Tufts administrators discuss university response to coronavirus pandemic

Tufts administrators participate in a remote conversation on March 23 to answer students' questions about the university's response to the coronavirus pandemic.

Editor’s Note: This event was live-streamed on Facebook at 12 p.m. EDT. Read the Daily’s complete transcription here, or watch the video on Student Life’s Facebook page here

In a Facebook Live session on Monday afternoon that focused on answering students’ questions regarding Tufts‘ response to the COVID-19 pandemic, University President Anthony Monaco was joined in conversation by Dean of Student Affairs and Chief Student Affairs Officer ad interim Nancy Thompson, Dean of the School of Arts and Sciences James Glaser, Dean of the School of Engineering Jianmin Qu and junior Monique Dubois, a Tufts Mutual Aid organizer and moderator of the talk.

Monaco began the stream by outlining Tufts’ top three priorities: to prevent an outbreak at Tufts, to continue excellent education even virtually and to use Tufts’ resources to aid the community.

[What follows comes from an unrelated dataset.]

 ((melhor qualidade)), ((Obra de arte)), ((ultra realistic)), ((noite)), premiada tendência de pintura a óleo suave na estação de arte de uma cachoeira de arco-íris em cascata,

“We have shifted personal protective equipment from research labs to Tufts Medical Center and have offered facilities for storage and certain services such as laundry. We led an effort by our engineering students and their colleagues at Harvard and MIT to replace the elastics of thousands of donated N95 masks so they can be used safely by hospital workers,” Monaco said. “And we have made it known to our local host communities that we will make our campus available for their needs, such as drive-through testing, and various housing options that the healthcare community may require.”

Thompson explained that she, along with her staff and the Office of Residential Life and Learning approved over 300 students out of approximately 600 who petitioned to remain on campus. Each request was evaluated on a person-by-person basis, and the main criteria were accepting students who were from countries rated at a level 3 risk level by the Centers for Disease Control and Prevention, as well as those who had extenuating financial circumstances.

“[The process] was difficult and there were probably cases where we didn’t get the nuances. And that’s actually where [Tufts Mutual Aid] and Monique were really helpful in bringing to our attention to students who were finding themselves in truly untenable situations,” Thompson said. “But it’s an imperfect process.”

The conversation then transitioned to updates about students’ financial aid with respect to COVID-19’s potential impact on families. According to Glaser, Tufts will accommodate aid accordingly. Additionally, the unused room and board that each family paid for will be reimbursed in the near future.

For students who face difficulty in figuring out how to afford their own housing and food, Glaser responded that Tufts cannot provide room and board. He directed those students to the Dean of Student Affairs Office and the FIRST Resource Center, the latter of whose resources are being raised through philanthropy.

Concerns regarding academic performance and quality of education are also prevalent for both students and faculty as Tufts transitions to online-only courses. Qu confirmed that faculty from the Schools of Arts and Sciences and Engineering would discuss solutions to adjust the grading system, the decision of which was announced a few hours later.

Qu advised students with academic concerns and needs to contact the FIRST Resource Center, Student Accessibility Services and the Academic Resource Center, all of which will remain available to students. Qu added that Tufts has been working to accommodate students who reach out to optimize their learning as much as possible. 

“For example, we have allowed students to take home laptops, to purchase WiFi hotspots and get headphones that are noise-canceling [and have] a microphone and other options so the student can actually have the environment to study,” Qu said.

Qu and Glaser both added that, if any student encounters issues with a professor during this period, they should proceed as they normally would by reaching out to specific department chairs, deans or Student Accessibility Services.

The state of summer courses is still uncertain. According to Glaser, while 10% of AS&E summer courses are already online, others may transition to being online as well, though it is not clear whether they will be online for both sessions. Glaser added that while the summer semester is not likely to host in-person classes, it is still too early to conclude anything about the upcoming fall semester.

Glaser explained that students studying abroad should have access to finishing up their programs online during the upcoming months, as well as foreshadowing the announcement that came later the same day that the number of online courses students take during the spring and summer semesters will not count towards their limit that may be used towards graduation.

Glaser added that plans for graduation will be made as soon as possible, and encouraged students with any creative ideas to reach out to the administrators directly.

Thompson encouraged students to continue to use the Tufts Health Service as a resource for questions about their health and for access to tests, as well as monitor the frequently asked questions pages, which are constantly being updated.